- _DESCRIPTION OF THE TASK_
Your answer is the lines below, exactly, from the one that contains "20180131.2232.13 Matsuko Mawatari" through the one that contains "Bánh Gạo Hàn", both included.

- _DATASET_
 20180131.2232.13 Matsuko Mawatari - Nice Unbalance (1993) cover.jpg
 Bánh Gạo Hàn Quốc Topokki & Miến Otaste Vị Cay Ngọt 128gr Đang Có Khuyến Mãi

==

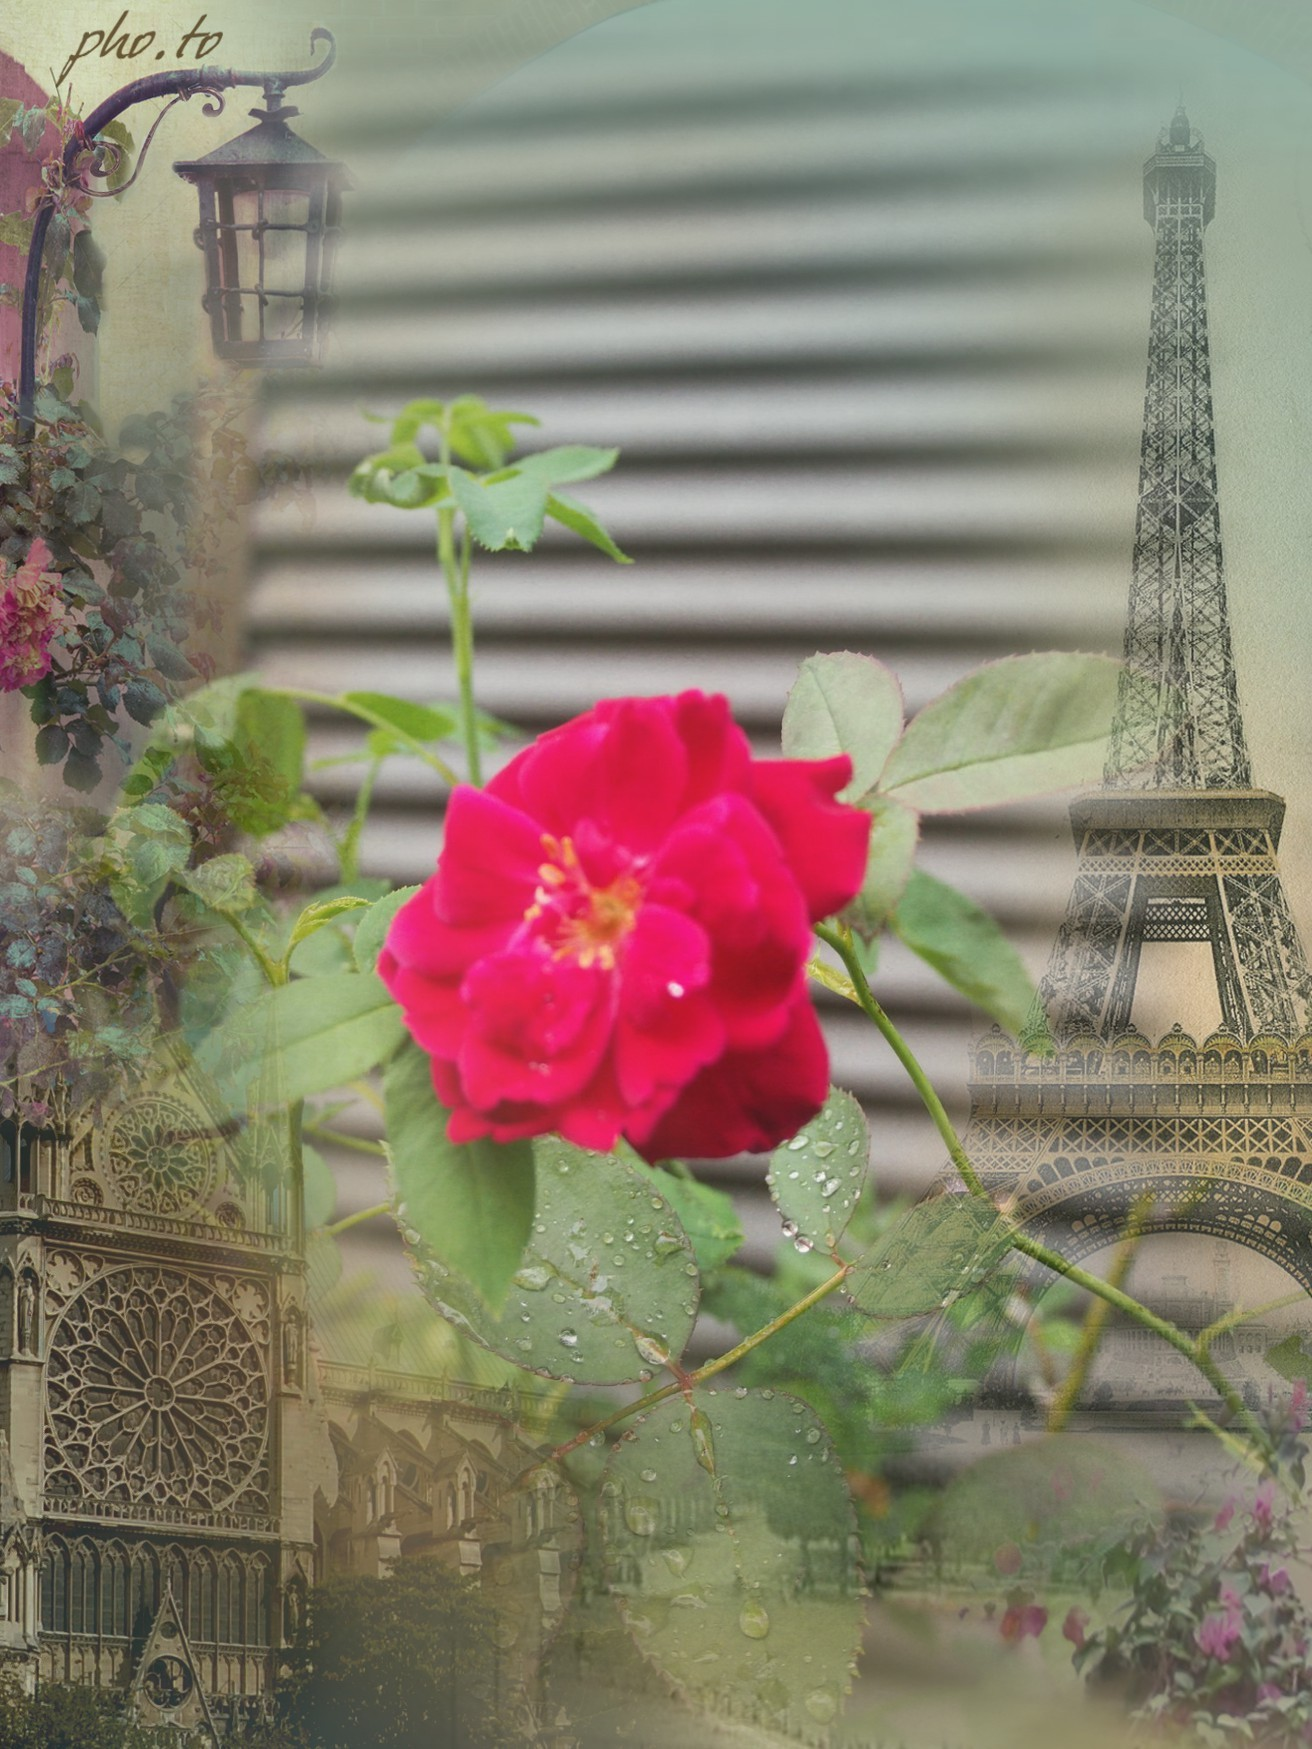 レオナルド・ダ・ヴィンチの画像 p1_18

- _PROBLEM SOLUTION_
 20180131.2232.13 Matsuko Mawatari - Nice Unbalance (1993) cover.jpg
 Bánh Gạo Hàn Quốc Topokki & Miến Otaste Vị Cay Ngọt 128gr Đang Có Khuyến Mãi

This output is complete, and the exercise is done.